Países como Holanda, Portugal, Uruguai, México, Reino Unido e alguns estados dos EUA tem revisto suas políticas públicas de atenção ao uso de drogas, no entanto, o Brasil ainda possui paradigmas bastante conservadores para se problematizar.

É imprescindível reconhecer os limites que os ACS apresentam para a construção de uma clínica ampliada e de um cuidado integral. A experiência no curso “Caminhos do Cuidado” pareceu ter sido um dispositivo potente para convocá-los à reflexão, porém, convocar apenas ACS e ATENF é praticamente inócuo. A presente pesquisa demonstrou a necessidade de se estender a discussão sobre saúde mental na atenção básica para também os outros profissionais da ESF.

Somado a tal aspecto, destaca-se que a realização de um curso isoladamente é insuficiente para garantir a qualificação das práticas e cabe às instituições se organizarem para que os cursos não sejam oferecidos de modo fragmentado e sim, acompanhados de outros investimentos longitudinais.

Apesar de todas as dificuldades encontradas o curso Caminhos do Cuidado se mostrou como um potente dispositivo para a mobilização de reflexões em alguns ACS e parece ter sido a primeira e única proposta em Rio Claro de convite para esse debate. Evidente que a experiência de 40 horas de curso não foi suficiente para saturar todas as nuances que o uso de drogas abrange e que permeiam o cuidado em saúde mental.

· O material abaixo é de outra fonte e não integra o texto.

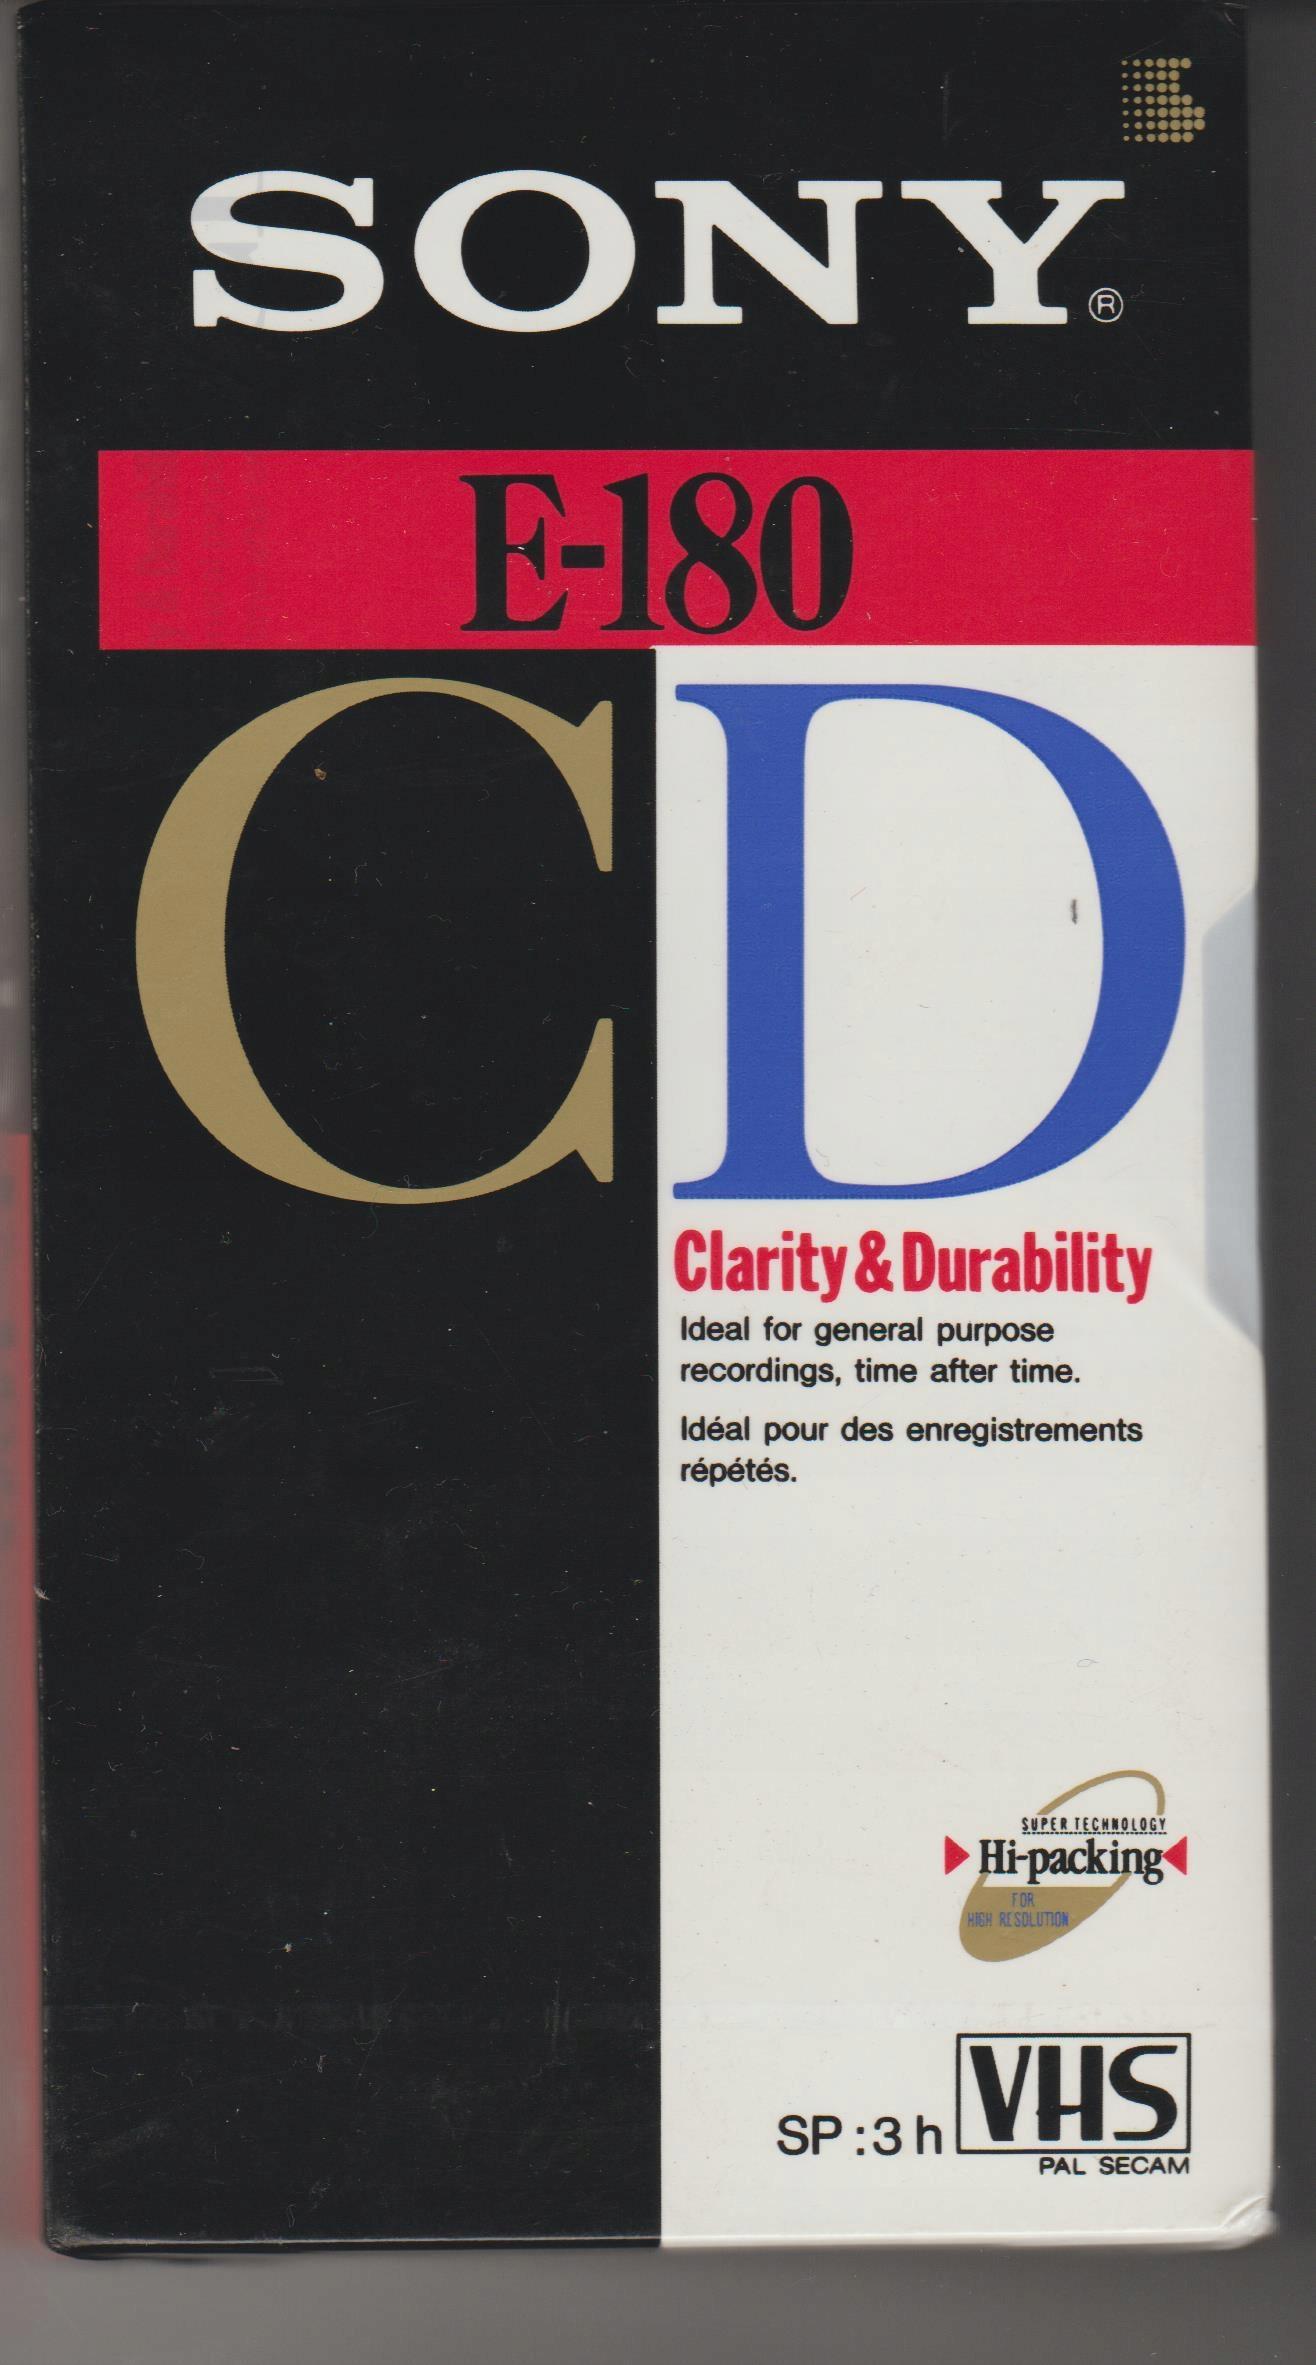 Kaseta SONY VHS E-180 NOWA, zafoliowana, 3 godziny

É necessário delinear outros espaços semelhantes ao proposto pelo Caminhos do Cuidado que ocorram regularmente, pois um assunto tão polêmico e presente no cotidiano dos serviços de saúde não se esgota em 5 dias. Além da possibilidade de espaços formais de educação permanente, o estudo sugere a necessidade que tal debate não se restrinja ao ACS e que tais discussões sejam compartilhadas com todos os profissionais da ESF. Nesse sentido, a qualificação das reuniões de equipe e instituição de espaços regulares de apoio matricial no cotidiano dos trabalhadores para se discutir

tais questões são condições sine qua non para a promoção de saúde mental na atenção básica.

É pertinente que os futuros projetos de educação permanente reconheçam tais atravessamentos e problematizem em suas capacitações a pressão da mídia em disseminar um ideal de reabilitação por meio da religião, um ideal de um cuidado privatizado, a higienização dos espaços públicos e a medicalização da vida; bem como, promover reflexões-críticas sobre os limites da tentativa de controlar o comportamento do outro, sobre a rigidez da estruturação dos serviços, sobre a superficialidade dos contatos com os usuários e sobre o autoritarismo das práticas adotadas.

Delinear outros projetos de educação permanente em saúde que incluam na roda médicos, enfermeiros e dentistas são medidas importantes para a construção e efetivação de práticas integrais. A pesquisa também demonstrou a necessidade de se fortalecer os espaços para o apoio matricial, seja por meio de visitas e atendimentos compartilhados, seja na promoção de discussões coletivas e democráticas dos casos de usuários e famílias e a inclusão de ações de saúde mental como pauta das reuniões de equipe. Parece ser fundamental que os profissionais das USF (e não apenas os ACS) pensem coletivamente em estratégias para lidar com os usuários de drogas, em como garantir a detecção precoce de uso abusivo e síndrome de dependência, como sensibilizar os usuários para o autocuidado, como dar espaço para as necessidades e desejos reconhecidos pelos usuários, como realizar encaminhamentos implicados, como oferecer retaguarda para os usuários em acompanhamento, em recaída, egressos de internações e familiares.

Trabalhar com mudança de paradigmas, com mudança de uma cultura manicomial são tarefas desafiadoras que não se resumem a um curso ou à uma dissertação. Assim, é fundamental que outros estudos também explorem as concepções e práticas dos ACS; bem como apresentem propostas de apoio matricial e educação permanente implicadas com a superação de um paradigma asilar e construções de práticas integrais que efetivem os princípios e doutrinas do SUS e da Reforma Psiquiátrica.